For me, one of the most memorable oxymorons in real life was what I call The Summer of Uncertainty. It was the summer I met an incredibly gorgeous, incredibly romantic man.
During the second summer of my PhD, I found myself living in the university residence. While all my friends were occupied with their current boyfriends, I, as usual, was single. Why couldn’t I find a boyfriend, I wondered? I mean, wasn’t I as smart as my friends? Wasn’t I as funny? Wasn’t I (almost) as good looking? It just didn’t seem fair: they all had beaux, and I–none. (Why, it was sort of like an oxymoron!). I resigned myself to yet another summer alone.

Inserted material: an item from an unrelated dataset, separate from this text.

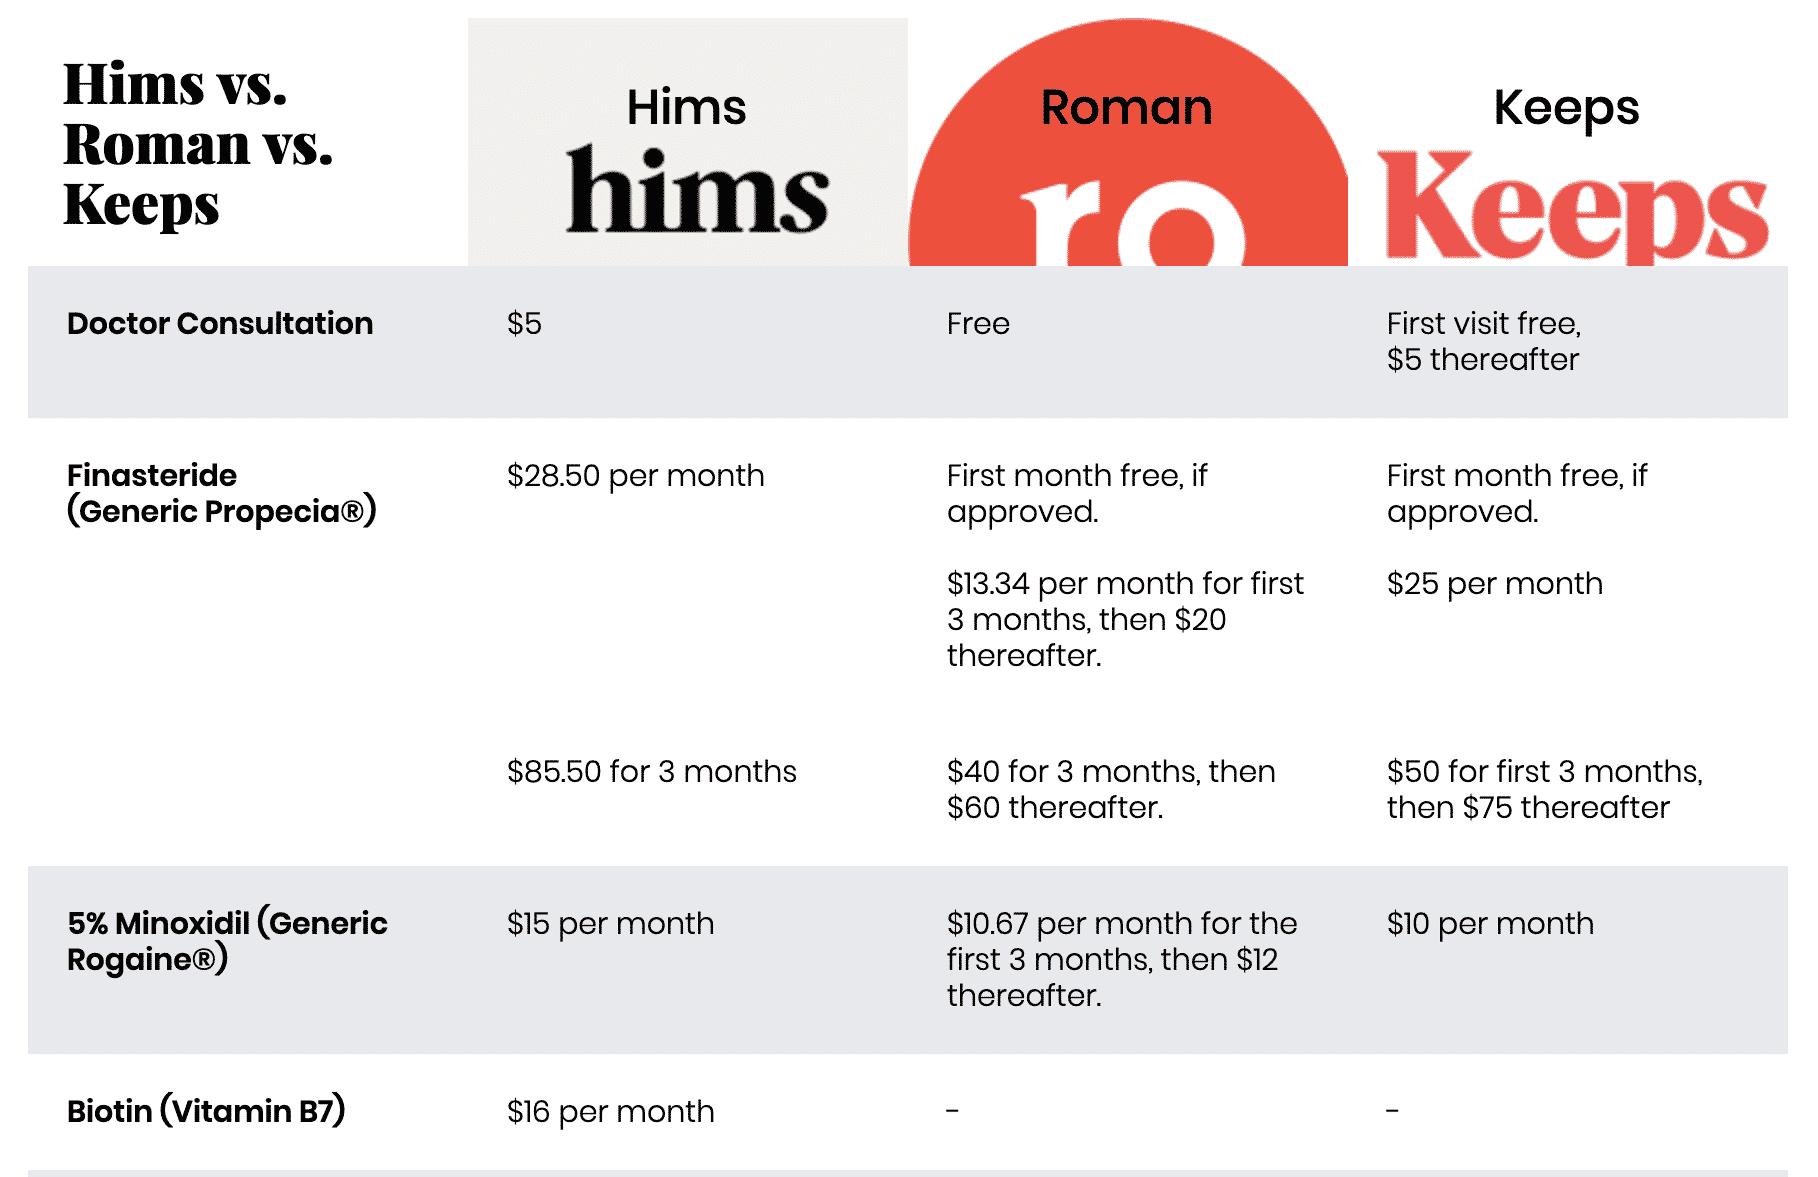 Hims vs Roman vs Keeps: Do Hair Loss Subscriptions Work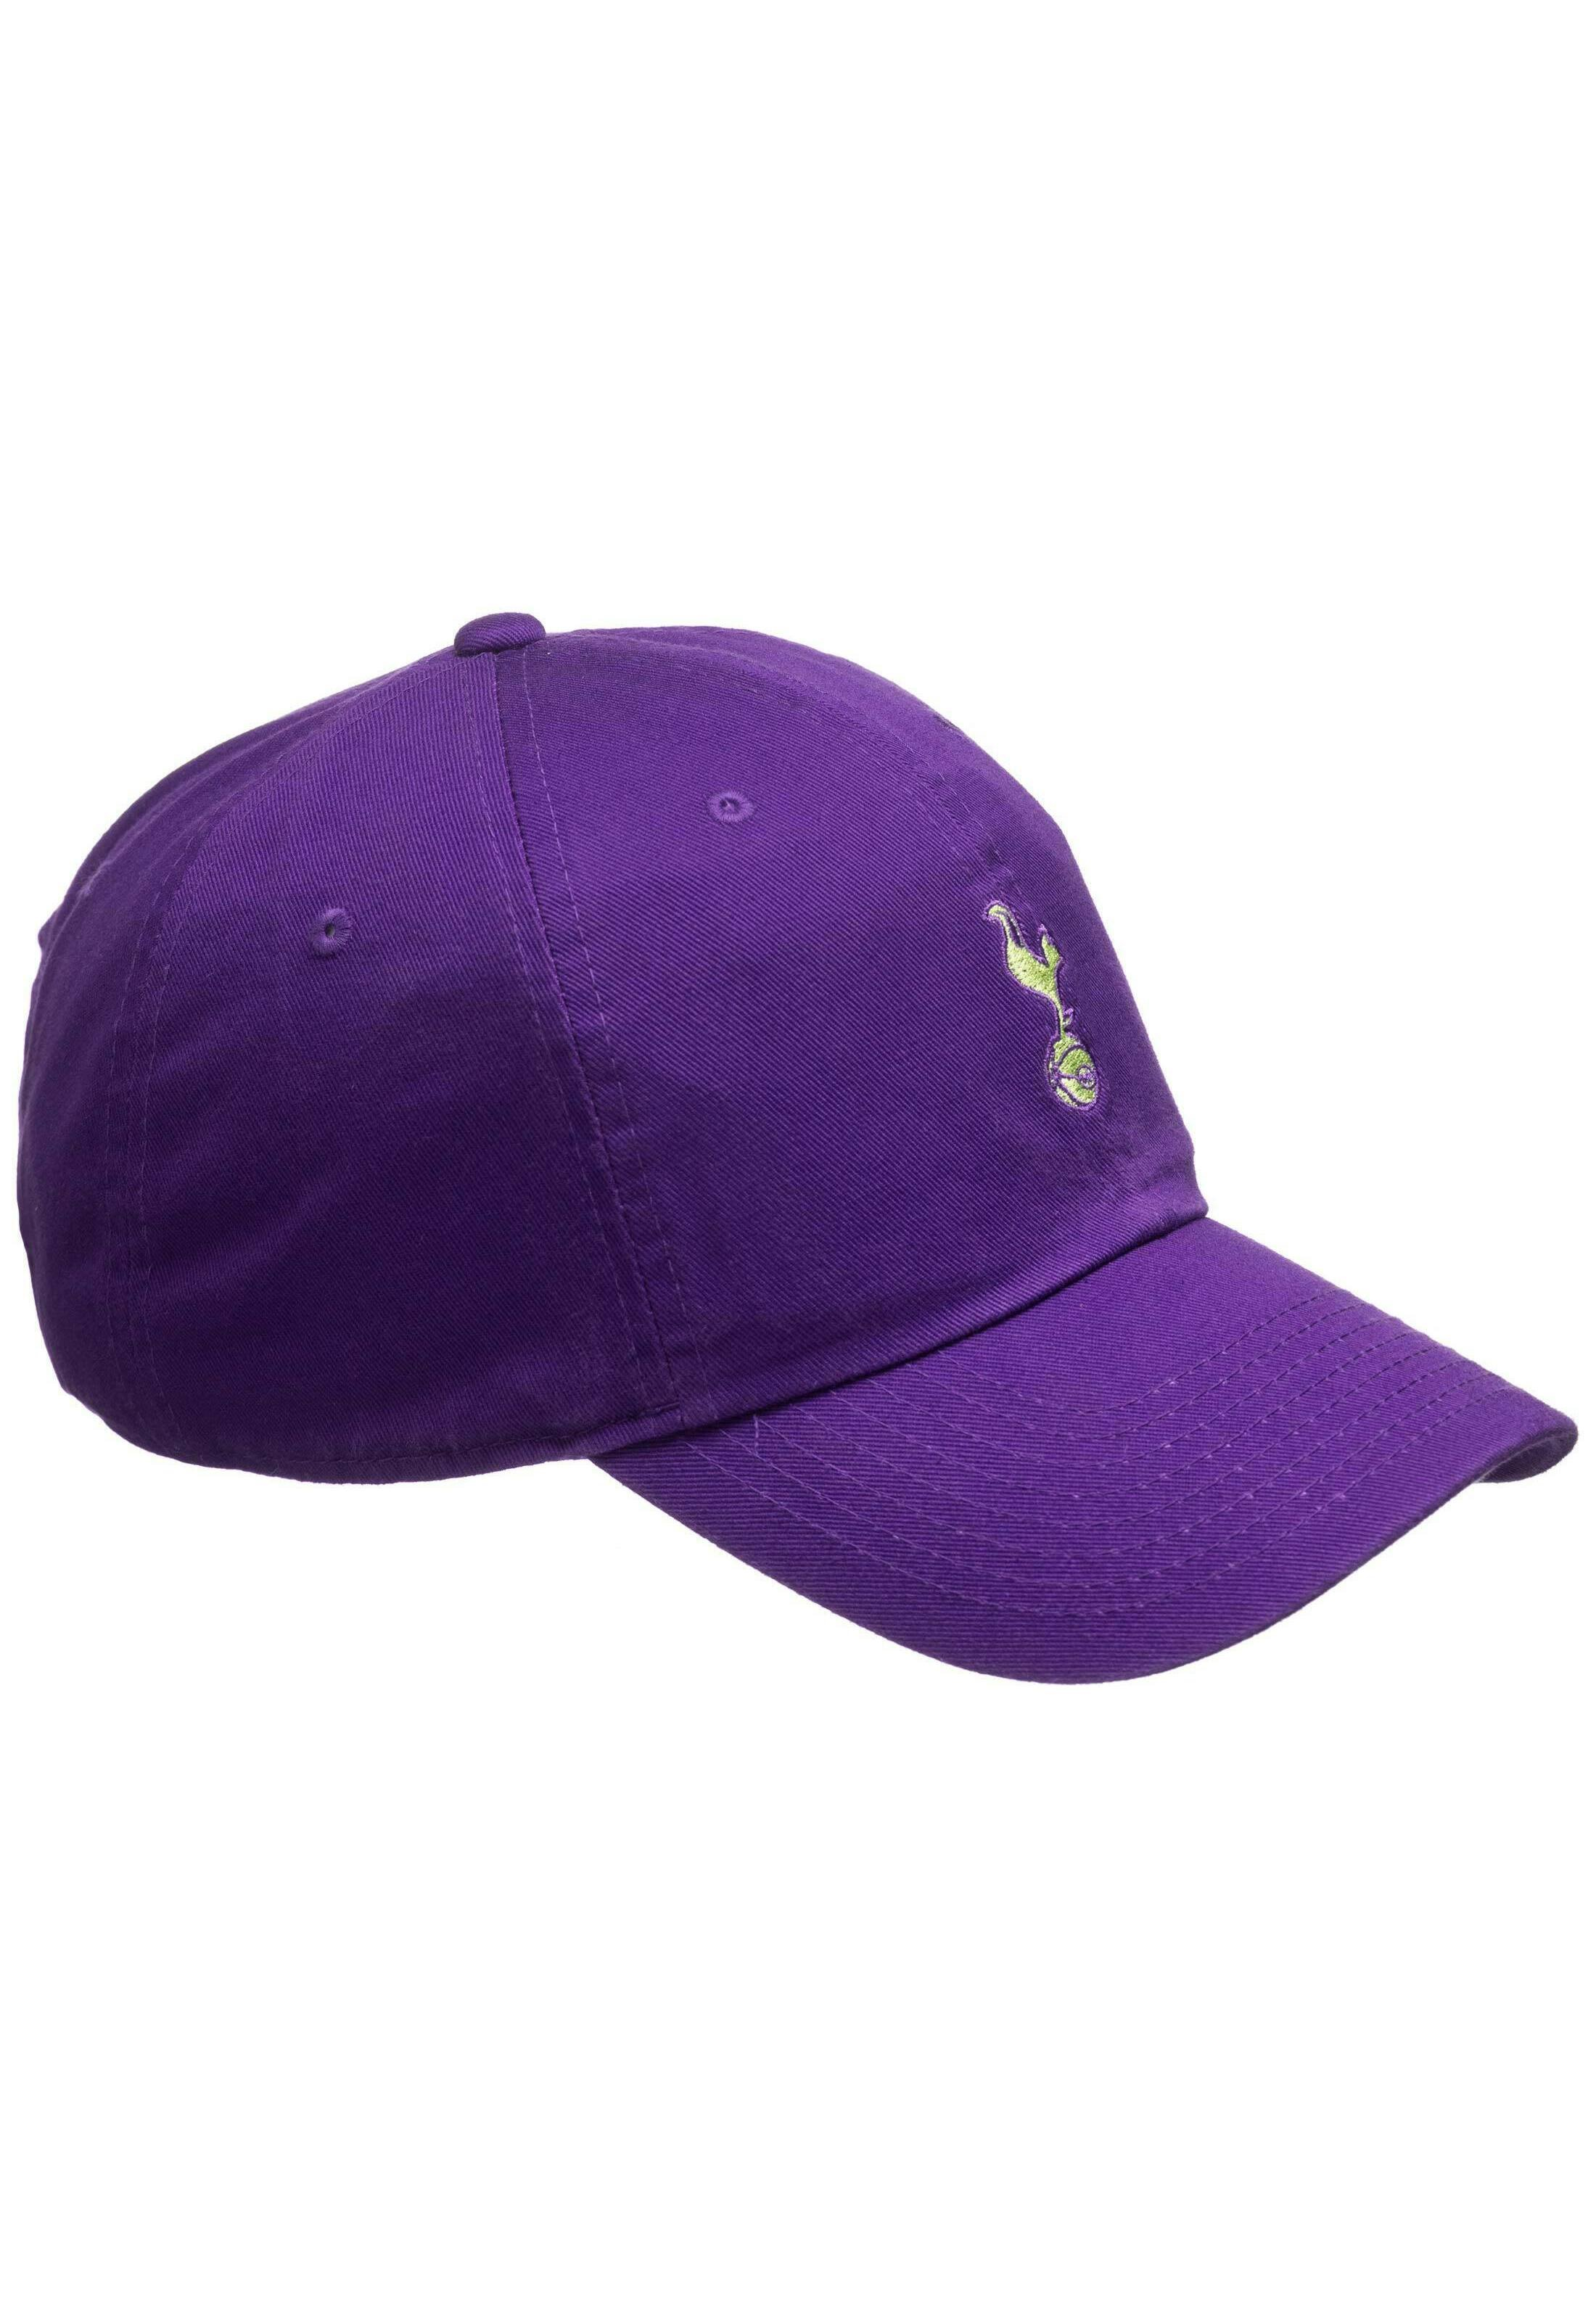 Femme Casquette -  purple

And then, on a whim, I went with an old friend to a Saturday night bash at another friend’s house. Almost as soon as we arrived, I was approached by a tall, astonishingly handsome man (let’s call him “Rock.”) Towering over me in a dusty blue T-shirt and black jeans, a tousle of slick, onxy-black hair and a jaw even more square than your grandparents morals, Rock beguiled me from the first instant, and didn’t leave my side all evening. I could barely concentrate on our witty repartee, I was so taken by his good looks. Could he–was it possible?–be interested in l’il ole me? Naw, I thought, which freed me up for a great evening of conversation. At the end of the night, I said my goodbye. Rock smiled and murmured that it had been great to meet me.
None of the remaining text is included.